Staff: Dr. Herman Heck
Dr. Nick Moustoukas
Dr. Eugene Kukuy
Dr. Jared Gilmore
Hospital: University Hospital
Students will participate in patient rounds every morning, in the ICU and on the floor. Students are assigned patients on a rotating basis for initial workup, subsequent attendance at surgery and post op follow-up. They should evaluate patients in the morning on pre-rounds with PGY3 resident and write individual notes. If not in surgery with assigned patient, they should be available to take new consults for subsequent consult rounds with faculty attending or PGY3 after surgery and in the afternoon. This would involve reviewing angiograms, echos, and other cardiac workup with faculty attending, seeing and examining the patient and making a subsequent disposition. The student would also would be responsible for obtaining pending tests results on patients discussed on morning rounds, discharging patients in conjunction with PGY3, etc. Students will attend S. Roman street clinic on Friday. Night and weekend OR call availability and weekend rounds are not obligatory. Brief research and subsequent discussion of a specific topic in cardiac or thoracic surgery may be assigned.

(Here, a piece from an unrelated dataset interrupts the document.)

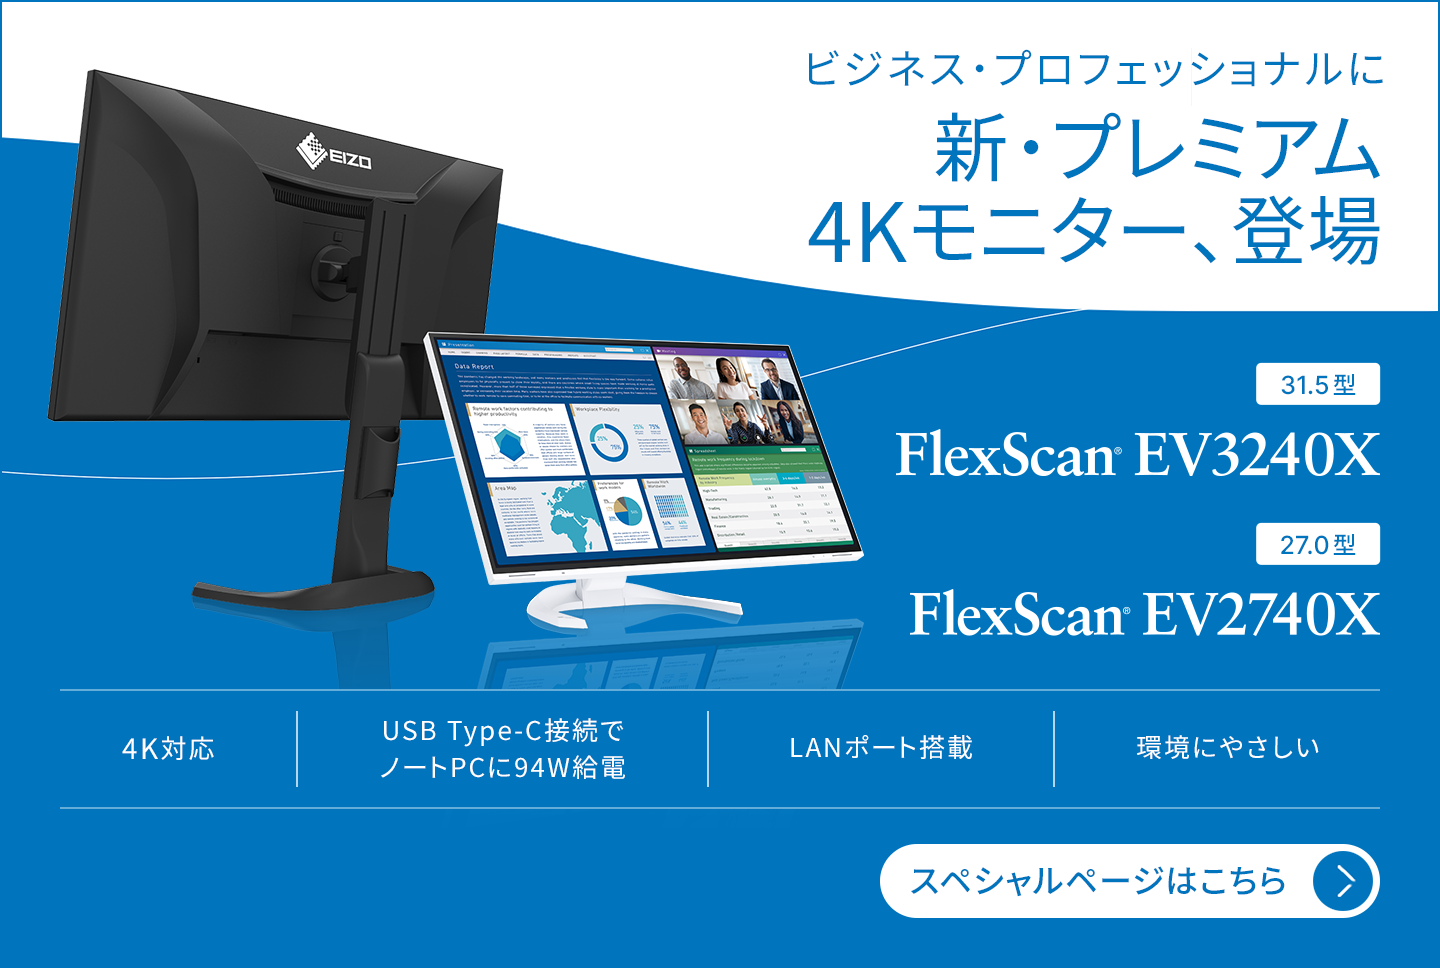 EIZO 31.5型 Flex Scan 液晶ディスプレイ(ホワイト) プレミアム4Kモニター EV3240X-WT 15倍P 
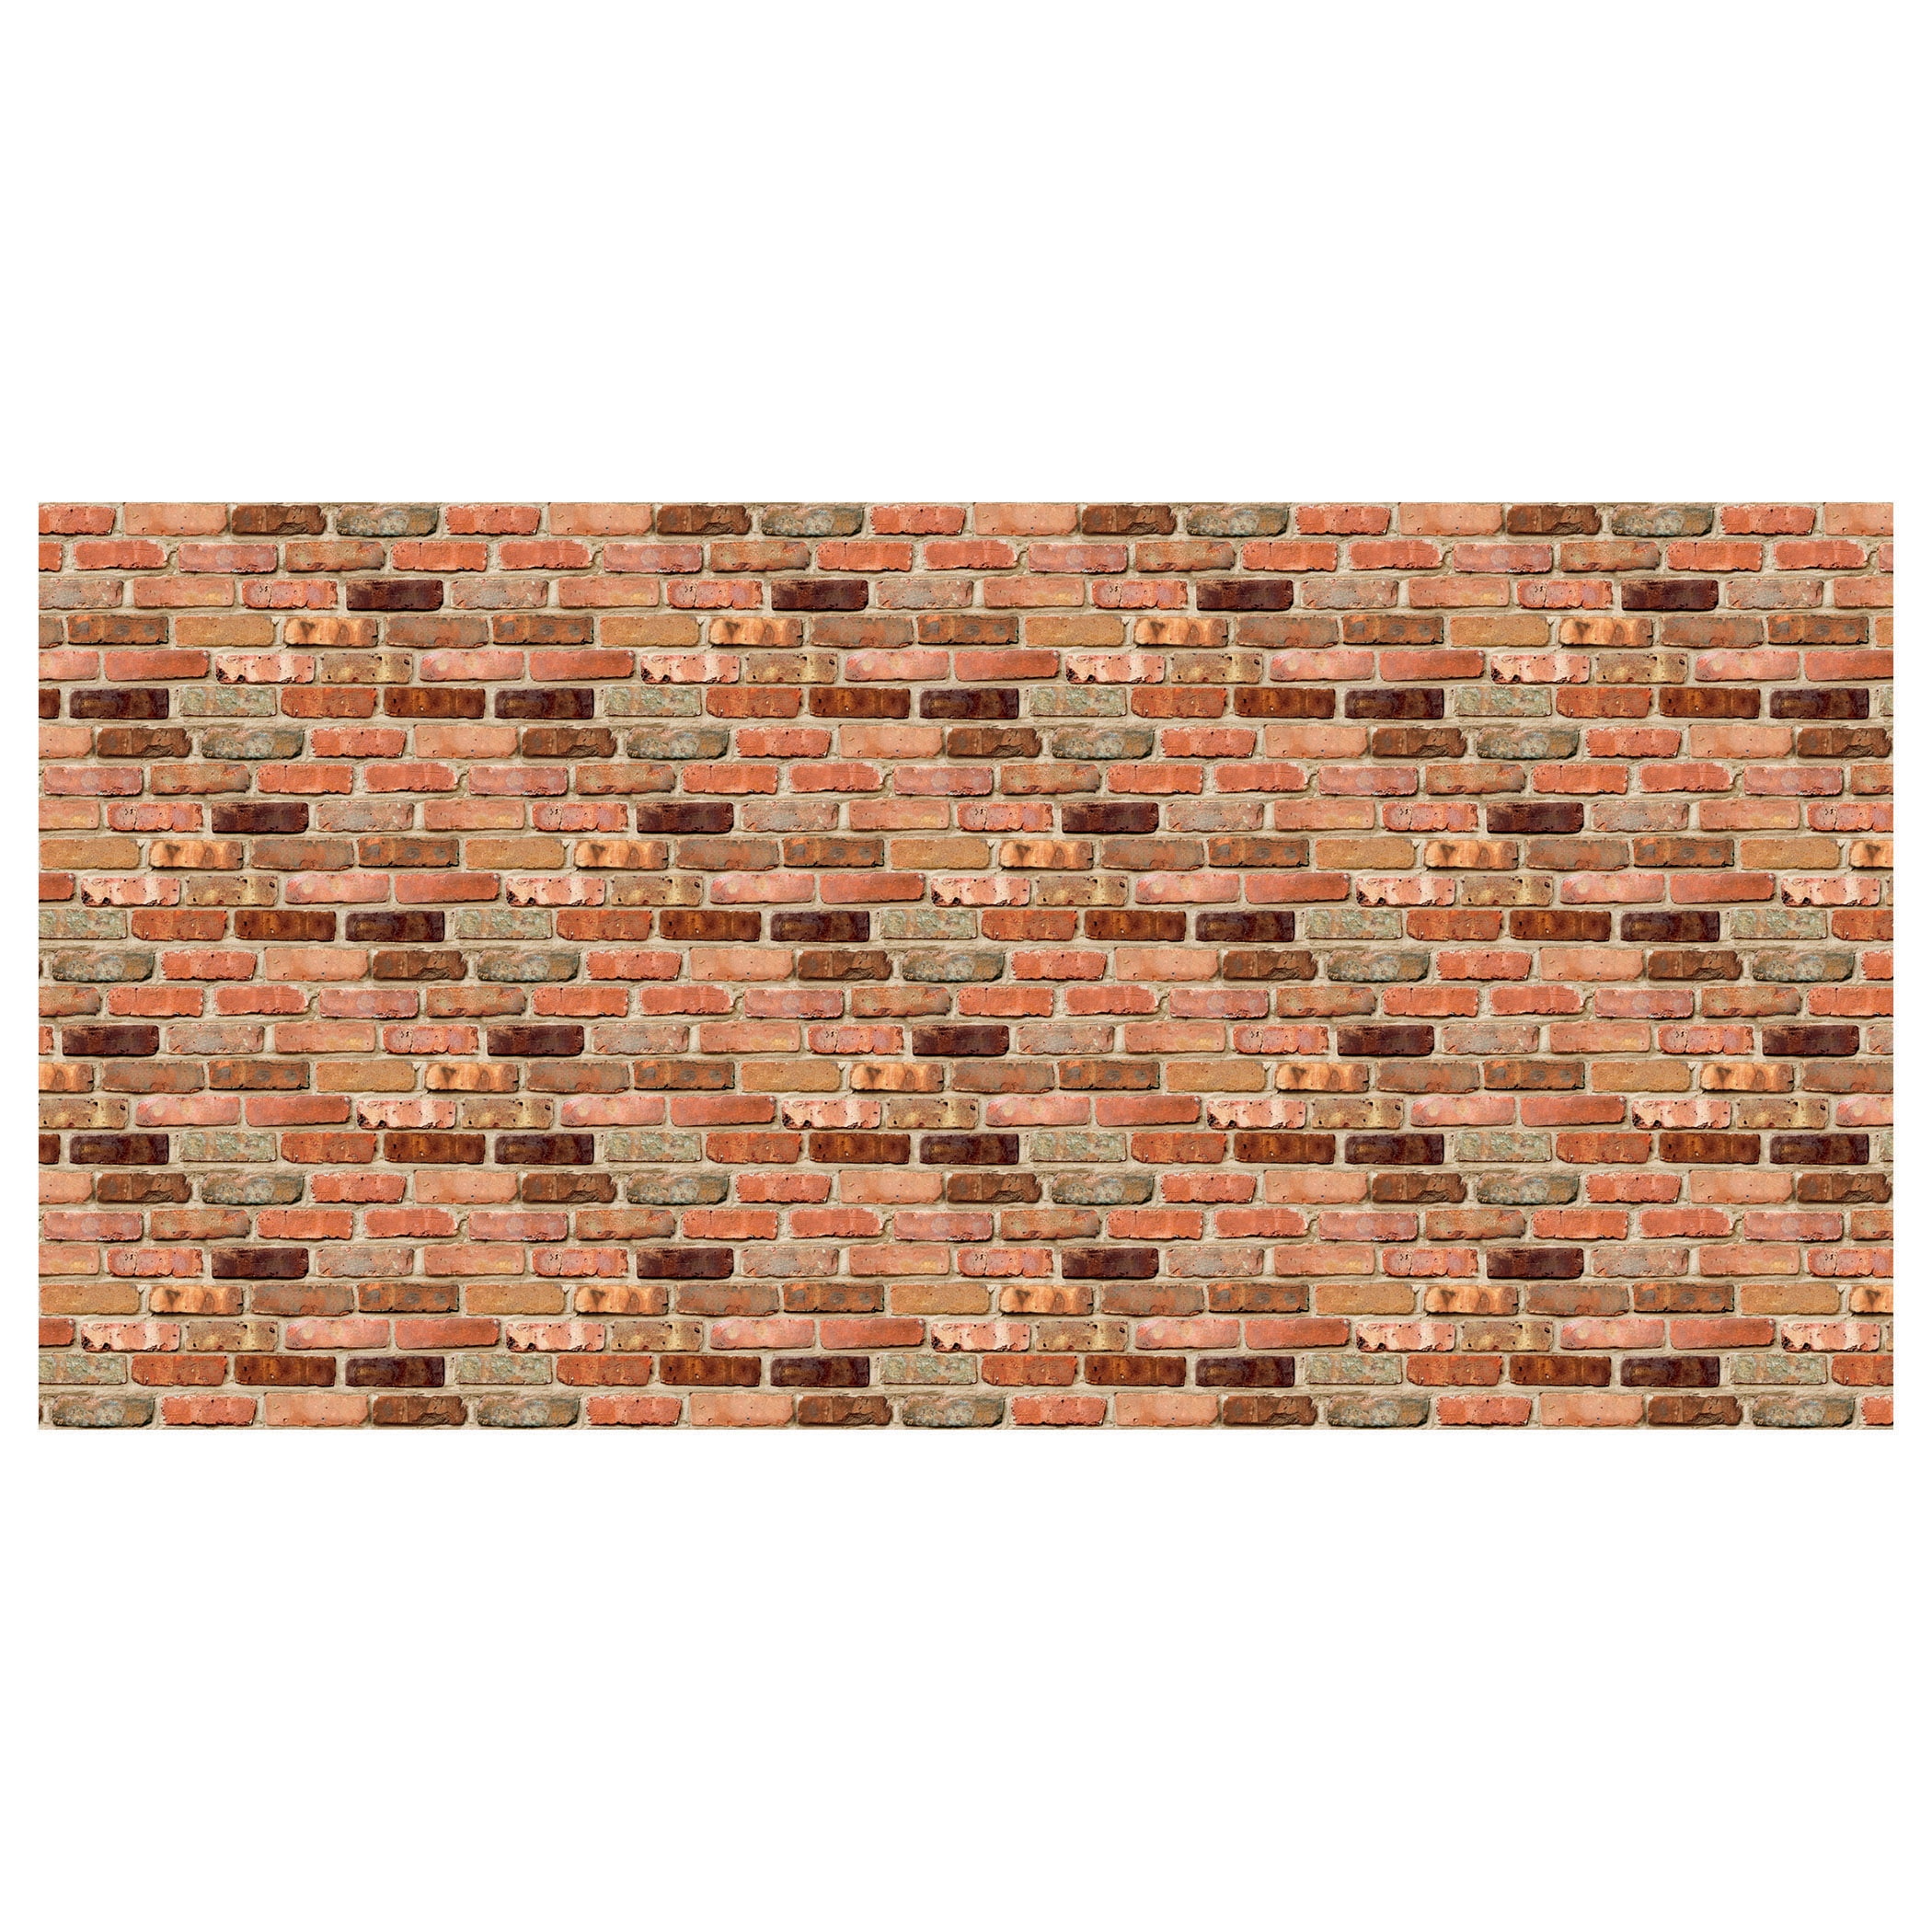 NEW CARDBOARD FIREPLACE 10 Sq' Red Brick Corrugated Paper 1 Roll COROBUFF 2'X 5'

Students are expected to workup, attend at surgery, and perform post-op follow-up evaluations of their assigned patients in conjunction with the PGY3 resident. Students should be assertively engaged in quick rounds before surgery re: pertinent and relevant data and brief concerns regarding their patients postoperative course (pre/post op weight, BP, P, accucheck trends, medications, labs, heart rhythms, etc). Students are expected to attend their patient's surgery and act as second assistant (at times, first assistant), and to follow them to the ICU and be engaged in their immediate post op evaluation. Students are expected to attend consult rounds in the afternoon, when not in obligatory didactic conferences. Students are, above all, expected to ask questions and extract explanations from their mentors if an order, procedure, decision, intervention, or patient event is not understood. Because of the time constrained nature of this service re: tasks to be accomplished, formal, classical, didactic teaching rounds are infrequent and the value obtained from rotating on this service will be primarily that of observation, participation, and assimilation.
Students will be evaluated on their initiative, interest, and availability in various aspects of the service. Active and interested participation in surgery, clinic and rounds, appropriate questions indicating thoughtful assessment of patients or circumstances, quality and pertinent content of patient presentations and written notes, and demonstration of enthusiasm as a member of the team will generally score a high pass.